Counterterrorism : News
Mr. Messahel says Washington meeting between the U.S. and the Countries of the Sahel Zone is "qualitative step" in partnership
Ministry for Foreign Affairs – November 8, 2011
The meeting convened in Washington between the United States and the countries of the zone (Algeria, Mali, Mauritania and Niger) is “a qualitative step” in the implementation of a partnership, as envisioned at the Algiers counterterrorism conference, said Minister Delegate for Maghreb and African Affairs Abdelkader Messahel in a statement to APS.
Mr. Messahel started on November 7 a two-day visit in Washington, where he is taking part in multilateral talks involving the countries of the Sahel zone and high-ranking U.S. officials and convened to follow up on the Algiers Conference on Partnership, Security and Development, held last September.
Mr. Messahel is leading a delegation including high officials representing the ministries of Justice, National Defense, Interior and local Governments, and Foreign Affairs.
Mr.
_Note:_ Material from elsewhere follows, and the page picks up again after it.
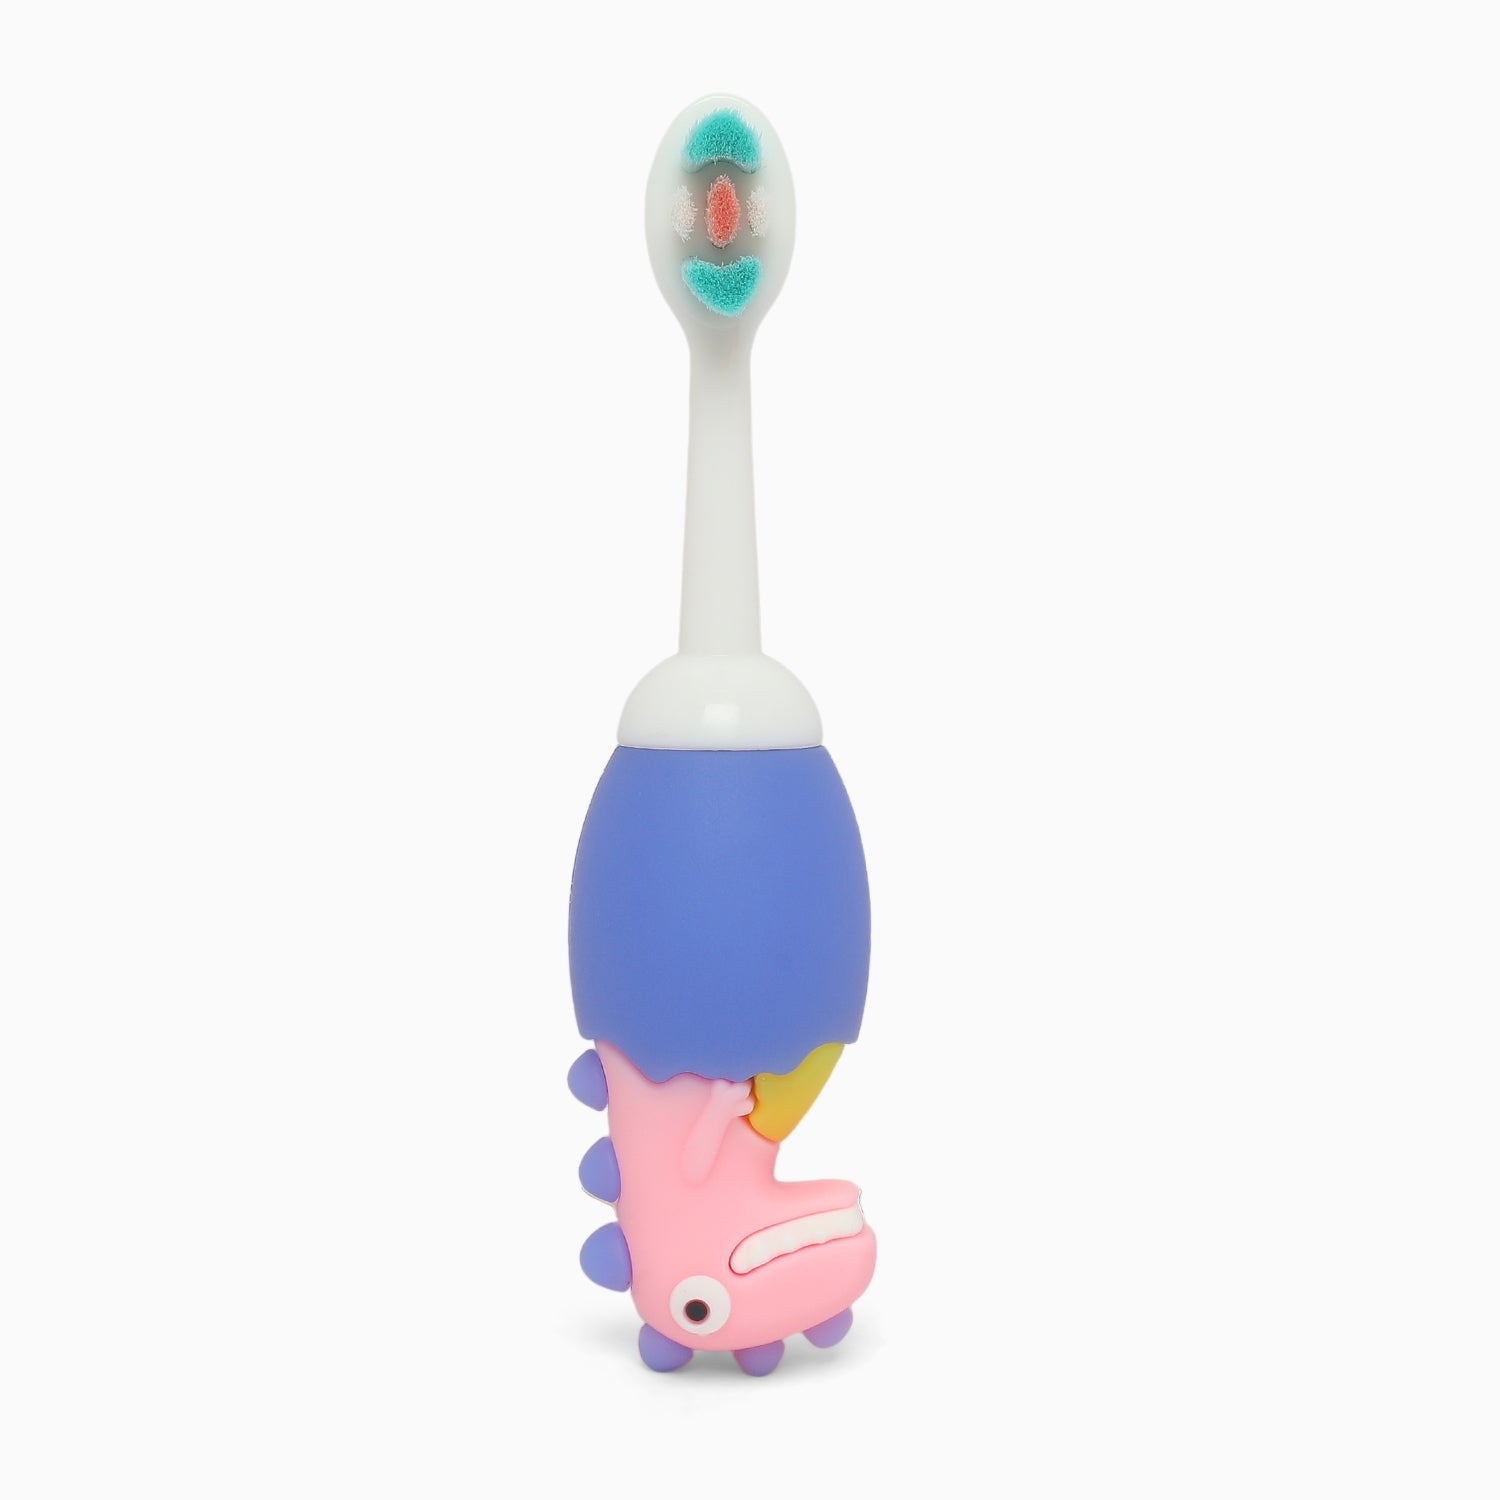 ZORSE baby toothbrush special curated for your child's teeth in style for 2-7 year olds (dinosaur random-print) - Kidspark

Messahel and the ministers for Foreign Affairs of Mali, Niger, and Mauritania met yesterday with U.S. State Department’s Coordinator for Counterterrorism Daniel Benjamin, U.S. Assistant Secretary of State for Near Eastern Affairs Jeffrey D. Feltman, and U.S. Assistant Secretary of State for African Affairs Johnnie Carson, as well as with officials from the U.S. Agency for International Development (USAID) and the U.S. State Department’s Bureau of International Narcotics and Law Enforcement Affairs.
The representatives of the countries of the Sahel zone also held working sessions with Deputy Assistant Secretary for Africa in the Office of the Secretary of Defense Vicky Huddleston and the representatives of, respectively, the Chairman of the U.S. Joint Chiefs of Staff, AFRICOM, and the Department of Defense’s Office for Counterterrorism, and U.S. Deputy Assistant Attorney General Bruce Schwartz.
The agenda of the meetings included security situation in the Sahel, training, capacity-building, equipment supply, exchange of information, development, and poverty control.
Speaking about the meetings, Mr. Messahel said the sessions were “lively, rich, interactive and focused on meeting the needs of the countries of the area in terms of security and development.”
In fact, said Mr. Messahel, the conference held in Algiers last September “has produced concrete results, as is shown by this meeting with the United States,” adding that the countries of the Sahel zone are now “viewed by their partners as a grouping of countries able to act as sole interlocutor.”
The minister added that “the Washington meeting is a first because countries that have reached an advanced stage of integration and are organized within a regional structure are now leading, simultaneously and jointly, discussions with their partners on shared concerns.”
The other positive point noted by Mr. Messahel is that perception of the threat, which connects terrorism to transnational organized crime and poverty, is now “definitively understood and shared by the countries of the region and their partners.”
Consequently, said the minister, the Washington meeting is “a new qualitative step in the implementation of the partnership, as envisioned in Algiers last September, since, having established the shared guiding principles for a single political approach, we are now holding discussions on specific cooperation areas that are more focused and more concrete.”
Moreover, he said, “the American partner has reiterated its respect of the principle of appropriation of the fundamental issues of security and development and has expressed its availability and willingness to support the collective efforts of the countries of the region.”
Mr. Messahel also called the meeting “a stage in the construction process of a partnership that is part of UN-led global strategies for combating terrorism, transnational organized crime and poverty.”
The agenda of the second day of the high-level multilateral discussions involving the U.S. government and the countries of the Sahel zone include a meeting between the Algerian delegation and the ministers for Foreign Affairs of Mali, Niger and Mauritania, on the one hand, and President Obama’s advisor for counterterrorism and national security John Brennan, on the other.
They will also hold a working session at the Center for Strategic and International Studies (CSIS), one of the best-known think tanks in the area of U.S. foreign policy.